Ellen Namakaokealoha Kamoe, MLIS, freelance archivist

Ellen Namakaokealoha Kamoe works as an archival consultant for special collections, including Dancing Digital and the Alvin Ailey Dance Foundation Archive. Kamoe’s archival practice is outreach-oriented, balancing the responsibilities of preservation with a commitment to equitable public access. Her critical approach to librarianship—informed by lifelong advocacy for gender justice and Indigenous knowledge—is particularly mindful of the role of information professionals in either perpetuating, or rectifying, the erasure of marginalized narratives. Kamoe earned her BA in anthropology at UCLA, with a focus on cultural preservation through dance, and went on to a career in non-profit fundraising—most recently with the University of California, Berkeley; as a volunteer with Hawai’i People’s Fund; and as co-founder of The Bare Life Review and the PEN/Bare Life Review Grants for immigrant and refugee writing. In each of these roles she has worked at the intersection of information access and organization, education, philanthropy, social justice, and the arts. Kamoe earned her MLIS in 2020 from the University of Washington.

Molly Roy, PhD, University of Texas at Austin

Dr. Molly Roy is UT Austin’s new Performing Arts Liaison Librarian. Her doctoral research in Performance as Public Practice focused on choreographies of surveillance, exploring dance works that thematize and critique surveillance culture while considering how surveillance technologies themselves function as choreographic agents. Her article, “Systems of Choreography: Performing Normal in Pubic,” was recently published in the Arts Forum of the journal Surveillance & Society. She is a member of the Dance Studies Association and the Surveillance Studies Network. Roy holds a M.S. in Information Studies from The University of Texas at Austin and a B.A. in Liberal Arts with specializations in dance and education from Prescott College. As an instruction librarian, she received a 2017 Harold W. Billings Library Staff Honors award for her work in teaching and learning services at the Perry-Castañeda Library. She has also worked as a teaching artist for Johnson/Long Dance Company, as a stage manager for Forklift Danceworks and as a high school special education teacher. Roy is a dramaturge, a practicing artist and active member of the Austin dance community, and a contributor to Sightlines magazine.

Advisory Committee

Melanie Aceto, MFA, University at Buffalo

Melanie Aceto is a dancer, choreographer, and educator whose creative interests are in interdisciplinary solo and large group works. Melanie’s choreography has been performed internationally in Toronto, Guatemala City, and Bogotá, nationally at Jacob’s Pillow and at venues in Philadelphia, North Carolina, Atlanta, Virginia, and in NYC at The Kitchen, the Studio Museum in Harlem, Ailey CitigroupTheater, The Duplex Cabaret and John Ryan Theater, among others. Melanie’s research interests include investigating models for teaching dance composition and modern technique. Her work has been published in JODE and Dance Education in Practice. Melanie is an associate professor at the University at Buffalo where she continues her work on her dance lineage project http://choreographiclineage.buffalo.edu/.
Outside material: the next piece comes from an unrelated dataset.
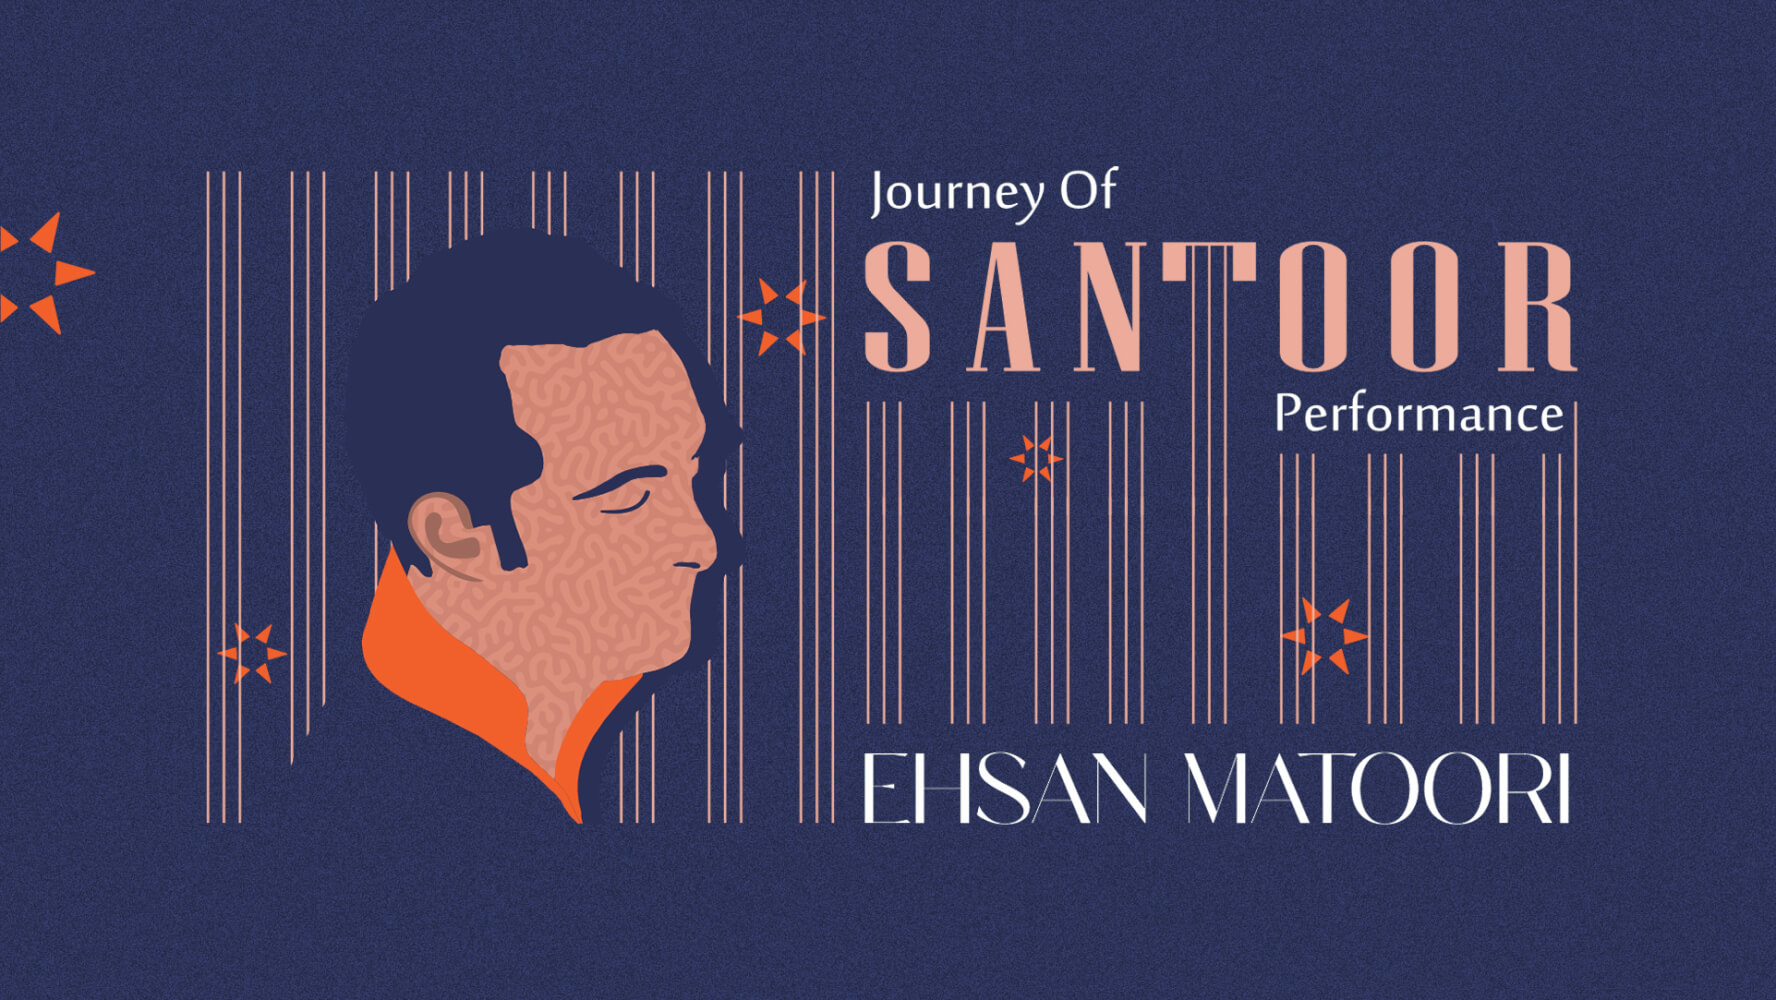 Journey of Santoor

Meg Brooker, MFA, University of Southern Mississippi, Duncan Dance South

Meg Brooker, Professor of Dance and Director of the School of Performing and Visual Arts, University of Southern Mississippi, is a founder of the Isadora Duncan International Symposium, Artistic Director of Duncan Dance South, and a former member of Lori Belilove & Company, Isadora Duncan Dance Foundation. Meg performs and stages early modern dance repertory throughout the United States, Europe, and Russia. Recent projects include a reconstruction of Florence Fleming Noyes’s suffragist work Dance of Freedom. In the Southeast United States, Meg’s work has been regularly produced by the Hunter Museum of American Art and the Nashville Parthenon. Meg collaborates with musicians and visual artists and served as the first Dancer Laureate for the City of Murfreesboro, TN. Meg has presented scholarship for Society of Dance History Scholars, Congress on Research in Dance, Dance Studies Association, National Dance Education Organization, and Women in Dance Leadership. In 2016, she received an NEH Preservation Assistance grant for her work with Noyes School of Rhythm Archive and her current scholarship frames Noyes Rhythm as an early 20th century somatic practice. www.duncandancesouth.org

Eric Colleary, PhD, Harry Ransom Center, University of Texas at Austin

Eric Colleary holds a Ph.D. in Theatre Historiography from the University of Minnesota. His research has focused on the relationship between performance, history and sexual identity and the ways that archives construct and perform identities over time. Currently, he is working on a book about British interwar theatre. In his position as Cline Curator of Theatre and Performing Arts at the Harry Ransom Center, Dr. Colleary is responsible for the interpretation and management of the center’s extensive performing arts holdings. He serves on the boards for the American Theatre Archive Project (ATAP) and the Theatre Library Association (TLA). Prior to coming to The University of Texas at Austin, he was a visiting professor in Theatre and Dance at Macalester College in Saint Paul where he taught classes in theatre history, performance theory, sexuality studies and public history/museum studies.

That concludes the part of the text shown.